Freedom is a dangerous thing. Hitler could have told you that.
This is done for two reasons in the EU. The first to exclude imports from the US. The second reason is that good health as a result of vitamins & minerals would prolong people's lives, the same lives that now get free health care and this would prove too much a burden for the fewer numbers working to support them:)
EU is pretty darned close.
So the population of the European Union becomes as shrunken, and sallow as their ancestors of a couple hundred years ago, and become once again a continent of Hobbits, but riddled with sicknesses and infirmities, poor in spirit and health.
Apparently this is the natural state of mankind. Remove nutrition, and the worker ants in the ant colony become smaller and more subservient, sacrificing their individuality for the greater good of the colony.
Hey, we cannot deny the basic demands of our nature, can we?
Does this have anything to do with the Codex Alimentarius and if so, how?
My mother called me up yesterday telling me about this international effort to ban natural health foods and supplements and the Canadian government is on the brink of signing it. She just told me to study up on the Codex Alimentarius.
I couldn't figure out what was going on but perhaps anyone here can enlighten me?
Does this have anything to do with the Codex Alimentarius and if so, how?

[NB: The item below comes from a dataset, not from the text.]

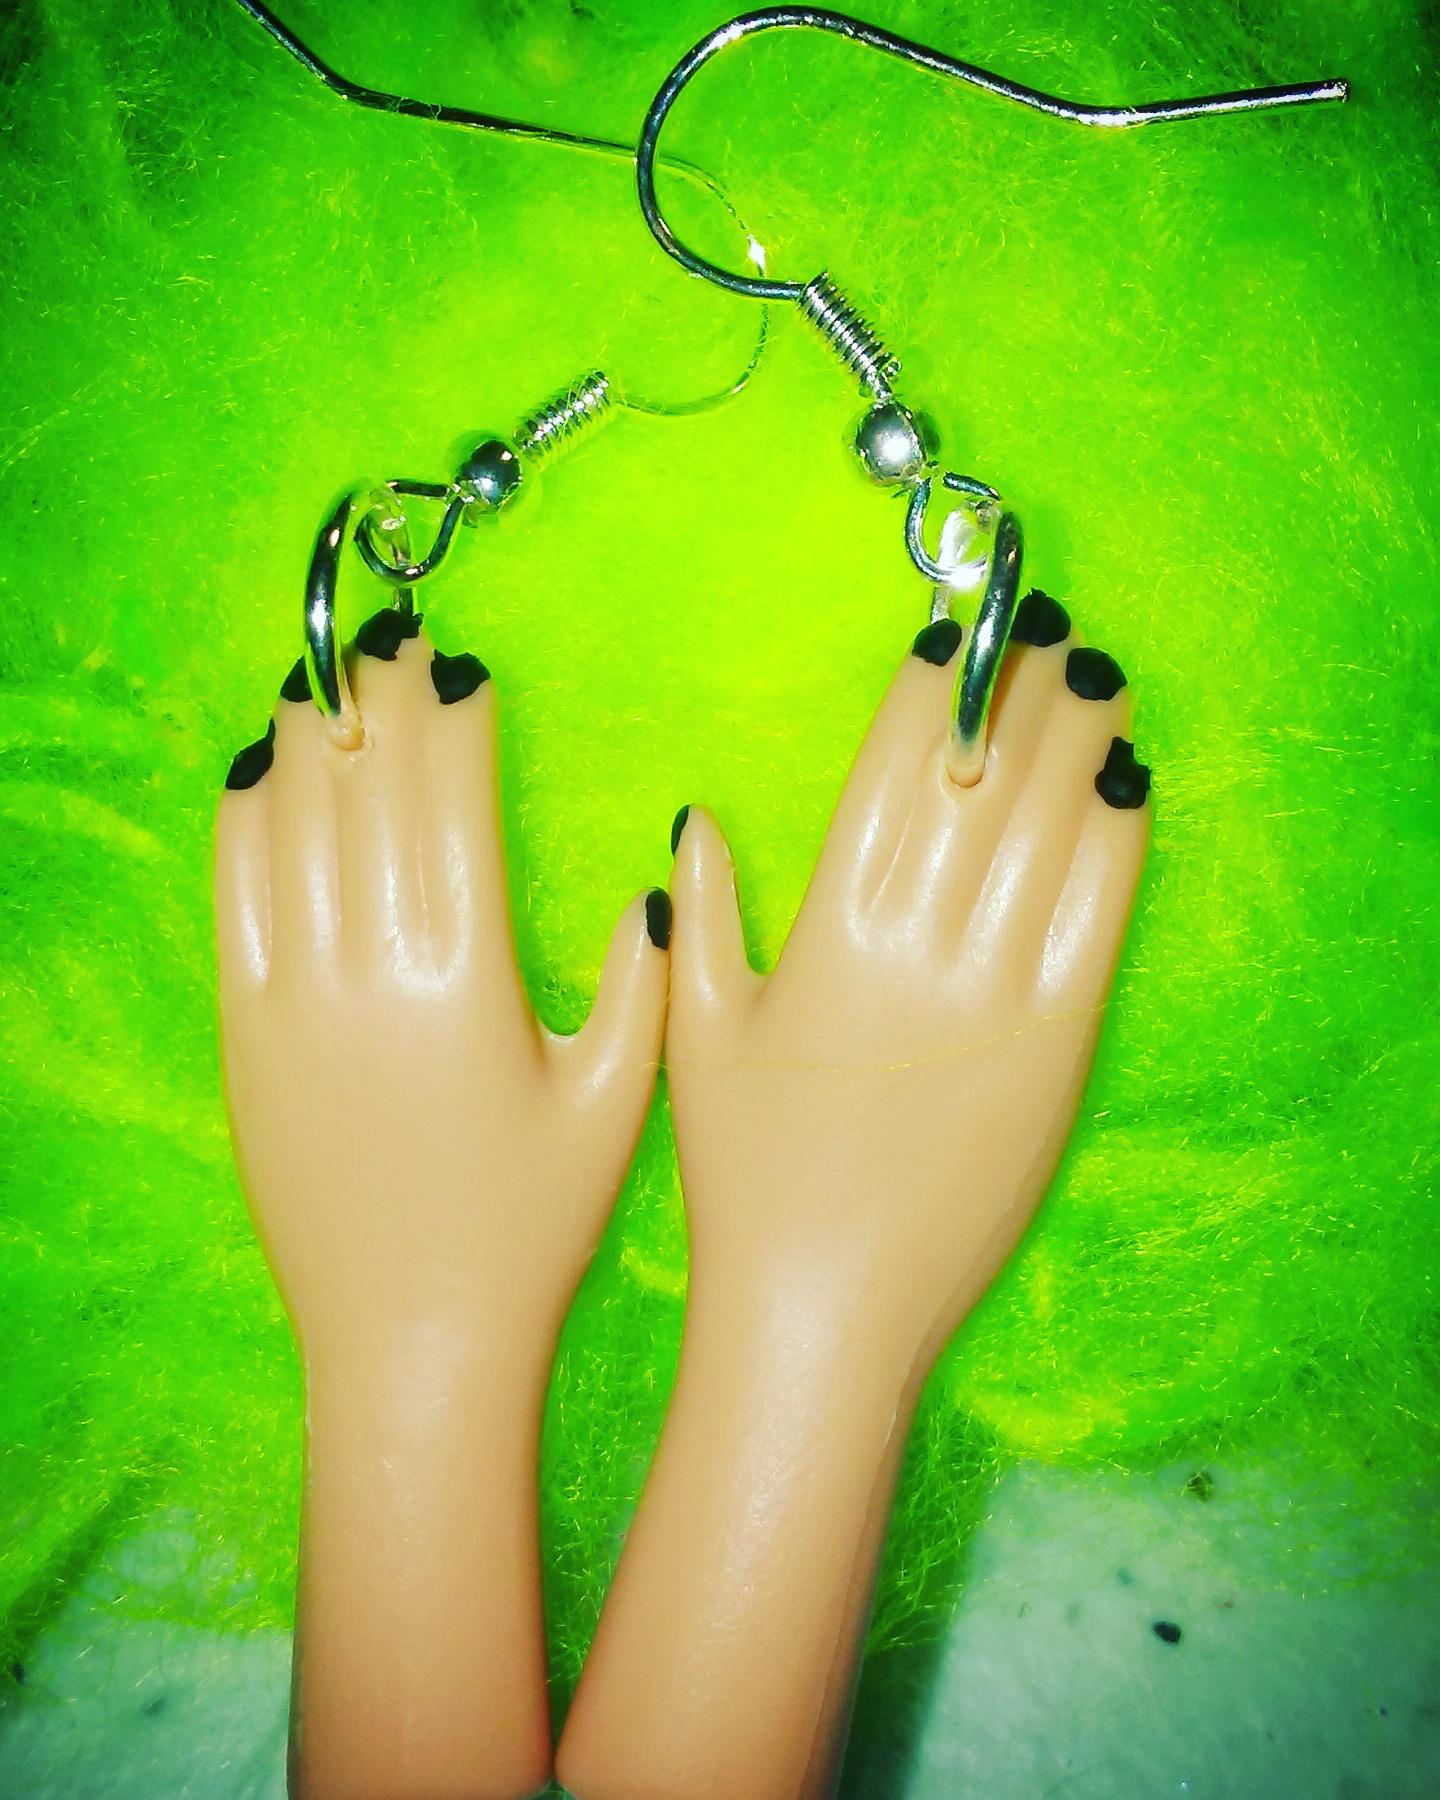 Barbie Nail Art Games Free Download: Barbie Hand Earrings On Storenvy

My mother called me up yesterday telling me about this international effort to ban natural health foods and supplements and the Canadian government is on the brink of signing it. She just told me to study up on the Codex Alimentarius.
I couldn't figure out what was going on but perhaps anyone here can enlighten me?

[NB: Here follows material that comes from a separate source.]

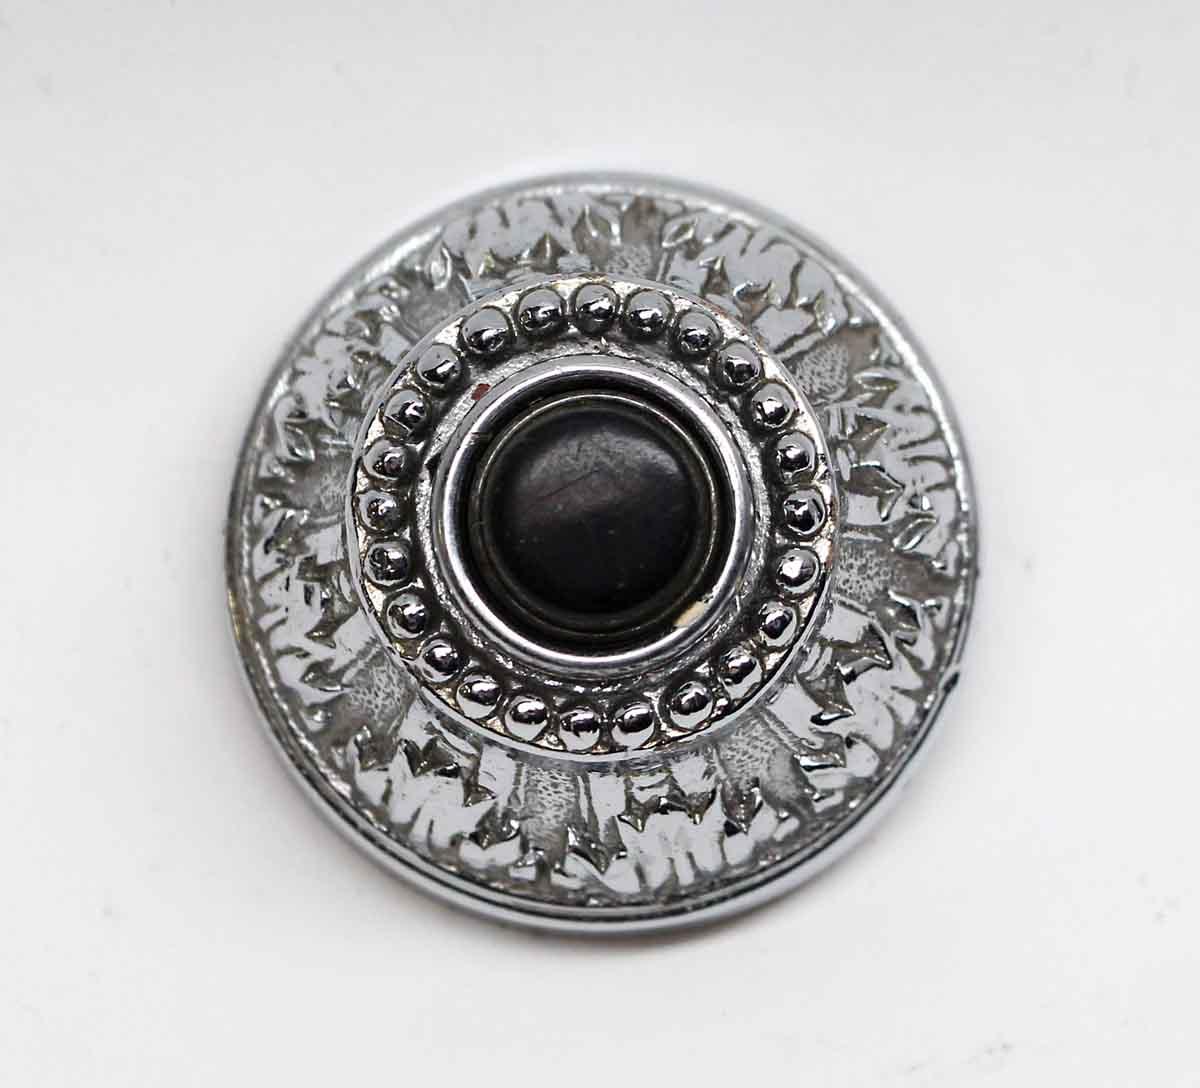 Charmant Knockers U0026 Door Bells   Silver Plated Ornate Doorbells With Black Button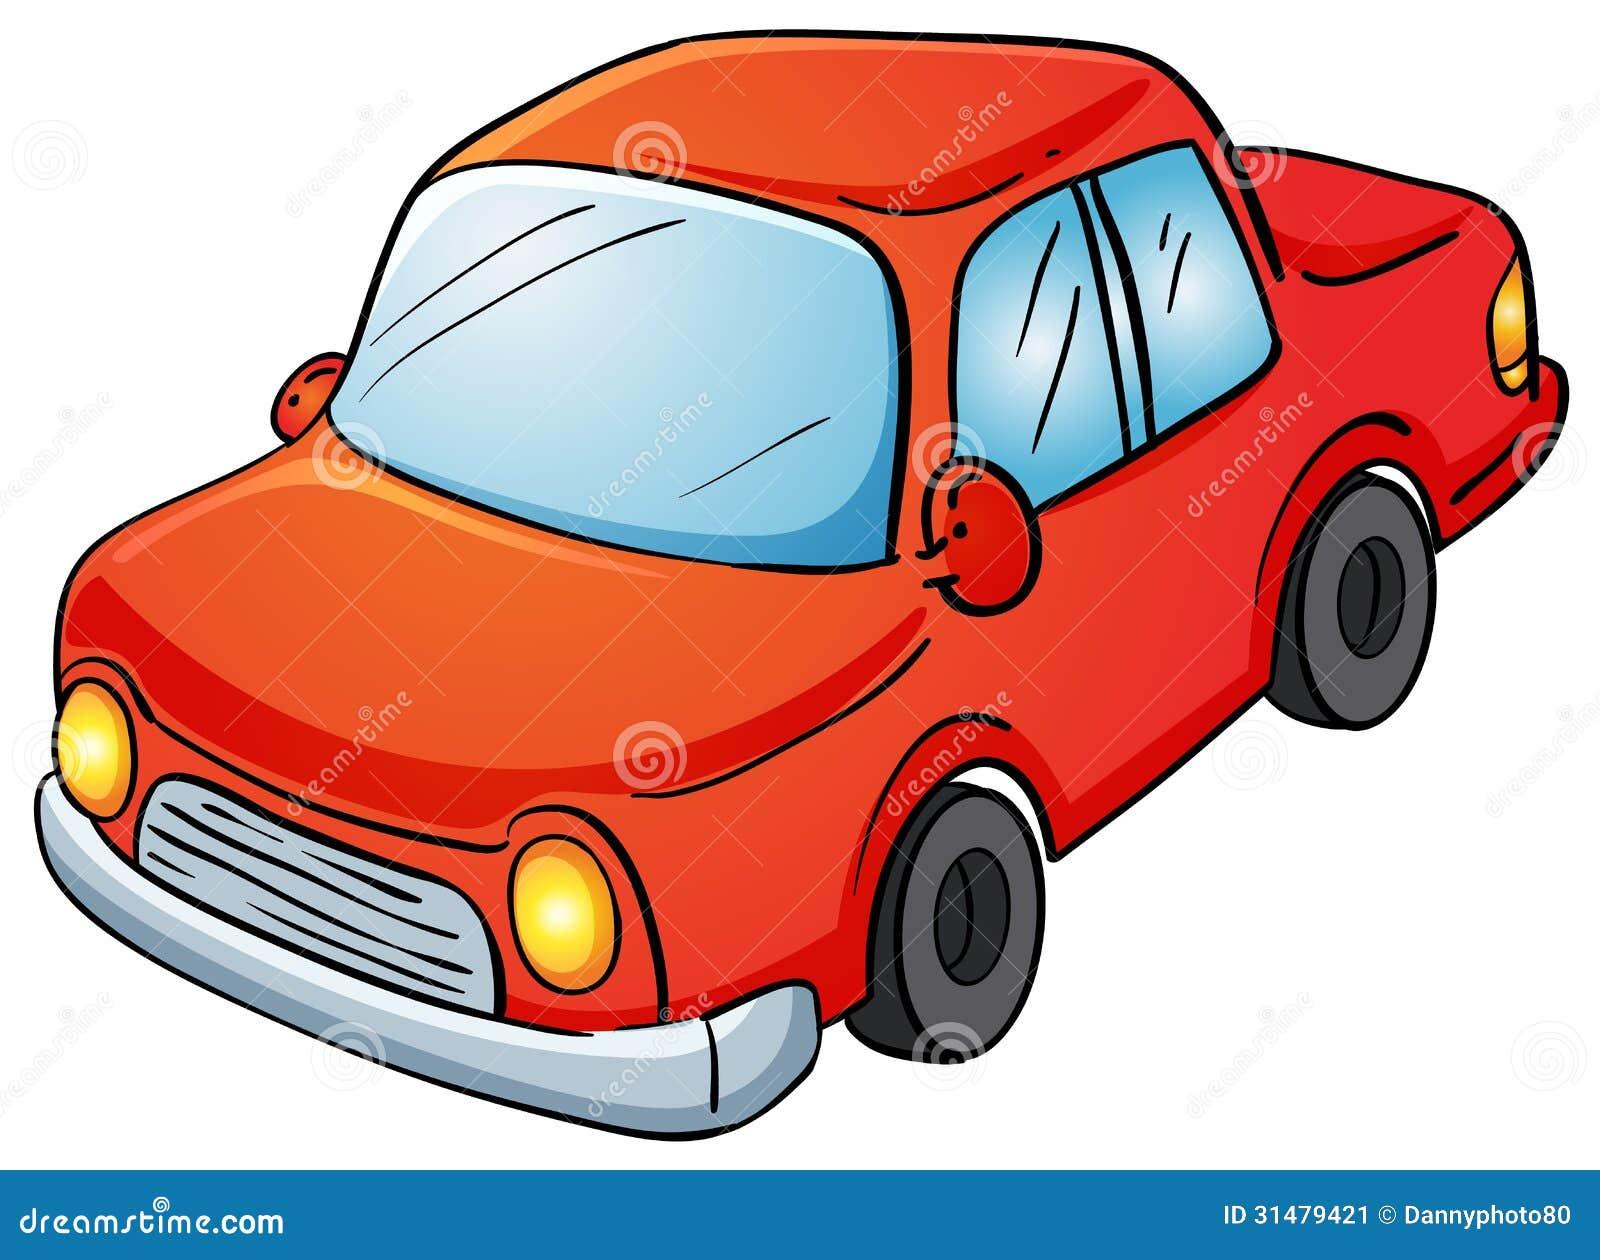 car clip art illustrations - photo #16

I may sound paranoid - but the pharmaceutical companies are behind this....
Count me among the outlaws.
In a soft meliflous voice, the recorded words of an EU bureaurocrat says to the EU citizen trying to open his front door for a walk outside: "I'm sorry, Dave. I can't allow you to do that."
In a soft meliflous voice, the recorded words of an EU bureaurocrat...: "I'm sorry, Dave. I can't allow you to do that."

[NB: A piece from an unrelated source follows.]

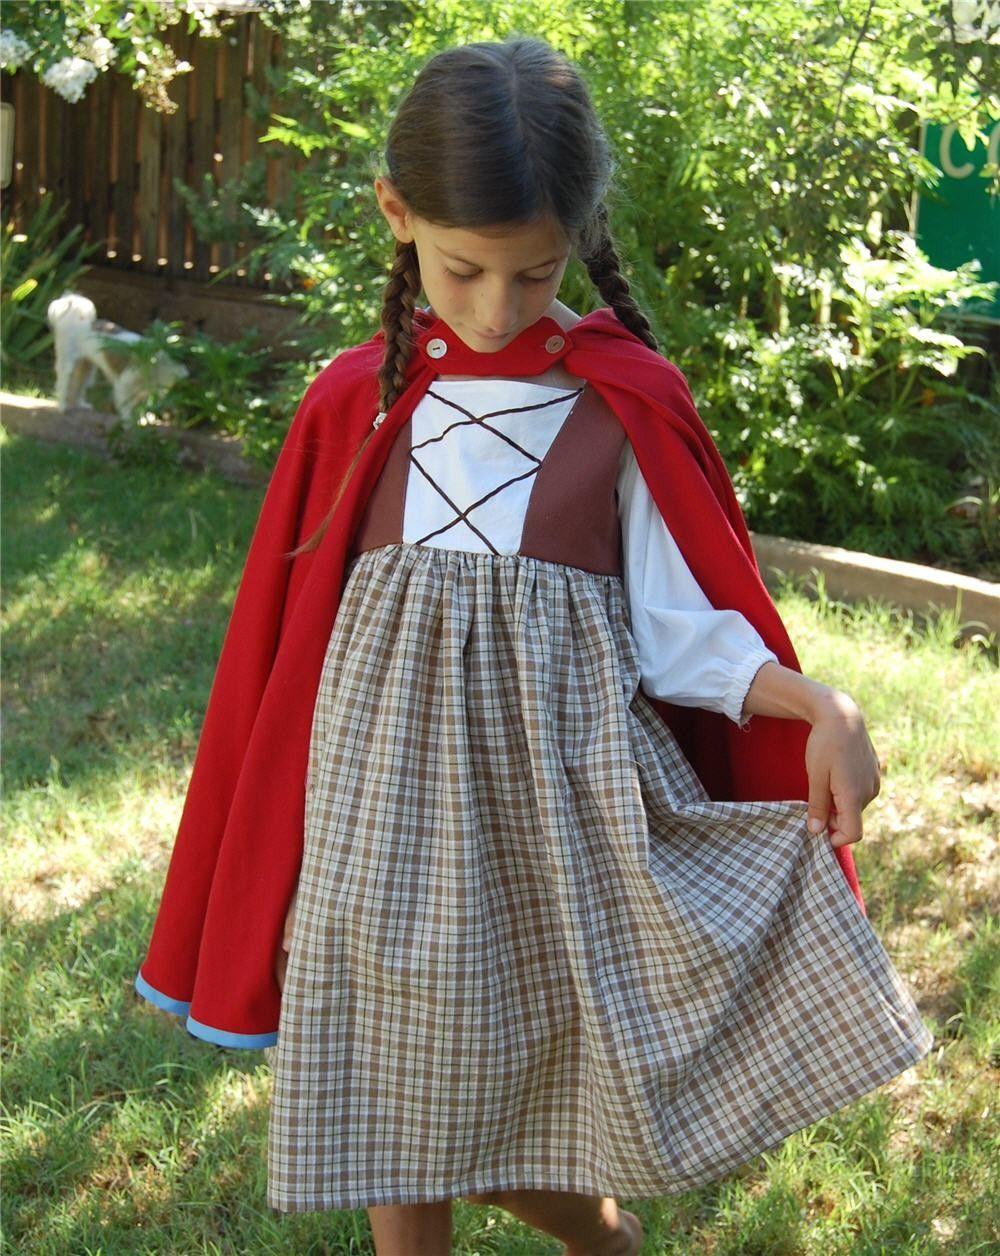 peasant costume - Google Search

My mom's in a panic about this, too. The Codex Alimentarius is an initiative, apparently sponsored by Big Pharma, to turn vitamins and other supplements into prescription drugs, if they exceed the recommended daily allowance. It's under the control the the World Trade Organization, and apparently both the EU and Canada have already signed it. If it's adopted, then the U.S. will be bound by it because of our membership in the WTO.
Yes, info at our health food store paints an ugly picture. Oddly enough, they still market prescription drugs that are KNOWN to cause serious problems and sometimes even death--but they want to stop this flow of vitamins and supplements.
I had heard that large parts of it have been overturned by some European judges.
But maybe we need something like this. That way, if a few pharmacies get burned down and people show they are really, really po'd about it, the government will get a clue it can no longer undo our rights with some stupid treaty.
This is the Third Way, folks. TPTB have long realized they cannot simply subdue every nation by force. They have adopted a plan where all the countries simply adopt the same rules and administration. Thats why a few years back there was a big push to align US patent law with the European model. It failed.
Kyoto protocol was part of the same plan.
Well, obviously they must be reacting to the spread of the violent vitamin culture.
Good pic.
And spelling correction of my own error:
EU bureaucrat
Pure paranoia. But just to be sure, stock up now. I'm sure that GNC, etc. would love to move more bottles of their little placebos.